Dive Brief:
- The Federal Energy Regulatory Commission on Thursday issued new orders on energy storage participation in wholesale power markets and frequency response services provided by generators.
- FERC directed regional grid operators to devise new tariffs for storage market participation that allow the resources to provide multiple electricity market services, as well as set power market prices as purchasers and sellers of energy. The commission could not settle on similar directives for DER aggregations, however, and called a technical conference for April 10-11.
- FERC also issued rules that require new generation resources, including renewables, to provide frequency response services. Nuclear and combined heat and power (CHP) resources are excluded from the order.
Dive Insight:
FERC's new energy storage order, approved in a 5-0 vote at its Feb. 15 meeting, sets a number of requirements for new grid operator rules on energy storage.
New tariffs must:
- Allow storage to provide energy, capacity and ancillary services;
- Allow storage to set wholesale market prices as a buyer or seller of electricity;
- Respect the operational characteristics of storage, such as discharge duration or state-of-charge requirements, and;
- Set a minimum size for market participation not more than 100 kW.
The order also requires that electricity sales to storage resources that the storage later resells to the market must be done at the wholesale locational marginal price of electricity. Grid operators will have 270 days to devise the tariffs after FERC's order is published in the Federal Register and a year to implement the changes after they are approved.
FERC staffers said their order will help enhance the resilience of the bulk power sector — the subject of a high-profile proceeding at the agency set up by the denial of a Trump administration subsidy package for generators.
"Participation [of storage] in the energy markets as a buyer and seller can reduce stress on the system by both shifting load away from peak conditions and reducing overgeneration during low load conditions," staff said during the open meeting. "Electric storage resources are also well suited to provide services like frequency regulation and ramping services, which are a first resort on correcting system frequency and helping to avoid contingency events."
Additionally, the order would allow storage to provide black-start and reactive power services, "which are critical to bringing the bulk power system back online" after an outage.
Technical conference
At the open meeting, FERC commissioners and the chairman expressed disappointment that they could not issue an order similar to their storage decision on how aggregations of distributed energy resources can participate in power markets.
"It would have been great if we could have addressed both storage resources and distributed energy resources today rather than having to schedule a further ... conference," Chairman Kevin McIntyre told reporters. "But really after looking at the state of the record in those two side-by-side issues, we determined that we needed to bolster our record on the distributed energy resources."
A two-day technical conference in April aims to provide that bolstering. During the meeting Commissioner Cheryl LaFleur, a Democrat, laid out two of her key areas of inquiry for the conference:
- "Money issues" — because aggregated DERs are diverse and can provide multiple services, "who pays what, to whom, for what?"

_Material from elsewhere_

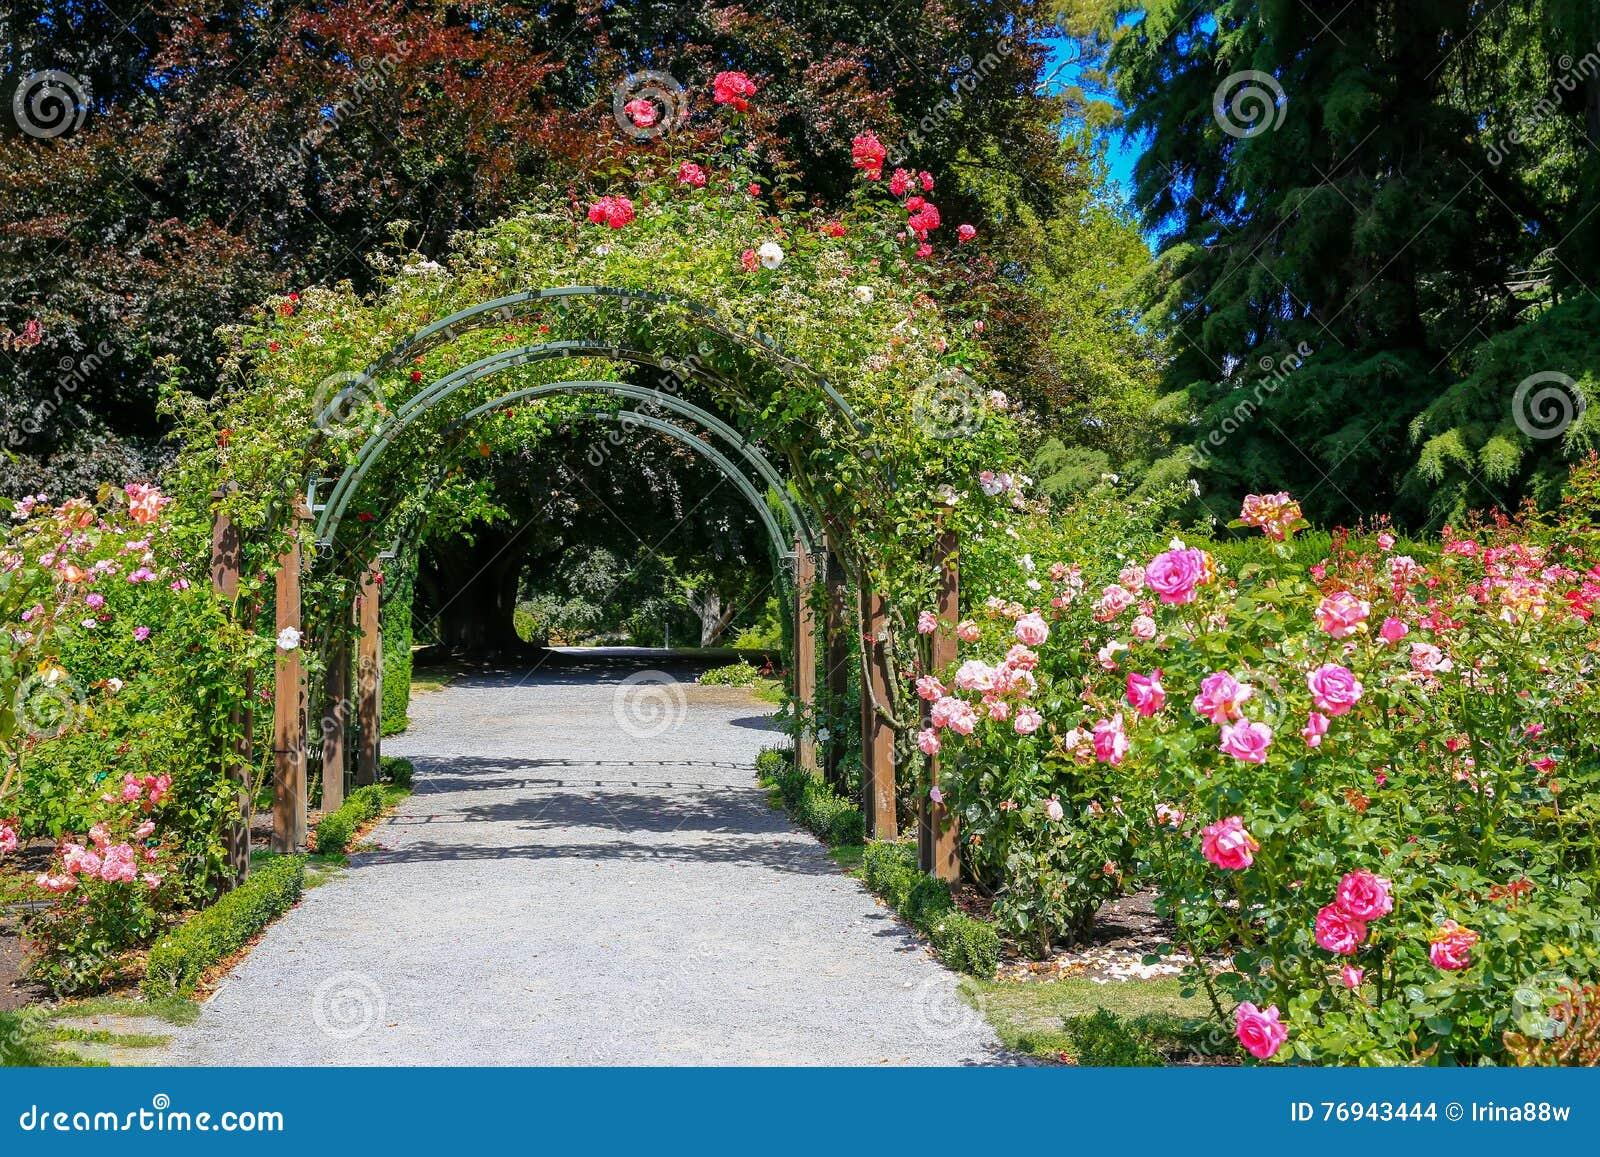 Roses In Garden: Rose Garden In Christchurch Botanic Garden, New Zealand

- "Operational issues" — how utilities that control the distribution system can communicate with grid operators to allow aggregated DER participation.
Frequency response
The storage order was not the only FERC action to enhance grid resilience on Thursday, staff said. The frequency response order will also ensure that batteries and other resources can help the grid respond to interruptions.
The new rule mandates that any new generator filing an interconnection agreement will have to provide frequency response services, which help the grid to stabilize after unexpected outages of other generators.
Currently, large central station power plants largely provide frequency response services, but regulators noted the service availability has declined as these plants are increasingly replaced with wind and solar generation. Advances in inverter technology, meanwhile have made it cheaper for renewable resources to provide these services.
"What today's rule observes is in recent years non-synchronous generation like wind and solar has developed the capability to cost effectively include primary frequency response and do their part for the system," LaFleur said.
The rule does not, she noted, mandate market pricing for frequency response or direct a new mandatory reliability standard. Those will be options the commission can take if it sees fit in the future, she said.
"I think we should monitor the impact of today's rule and monitor frequency response performance going forward and consider additional actions, whether it's market pricing of frequency response or different reliability actions as appropriate moving forward," LaFleur said.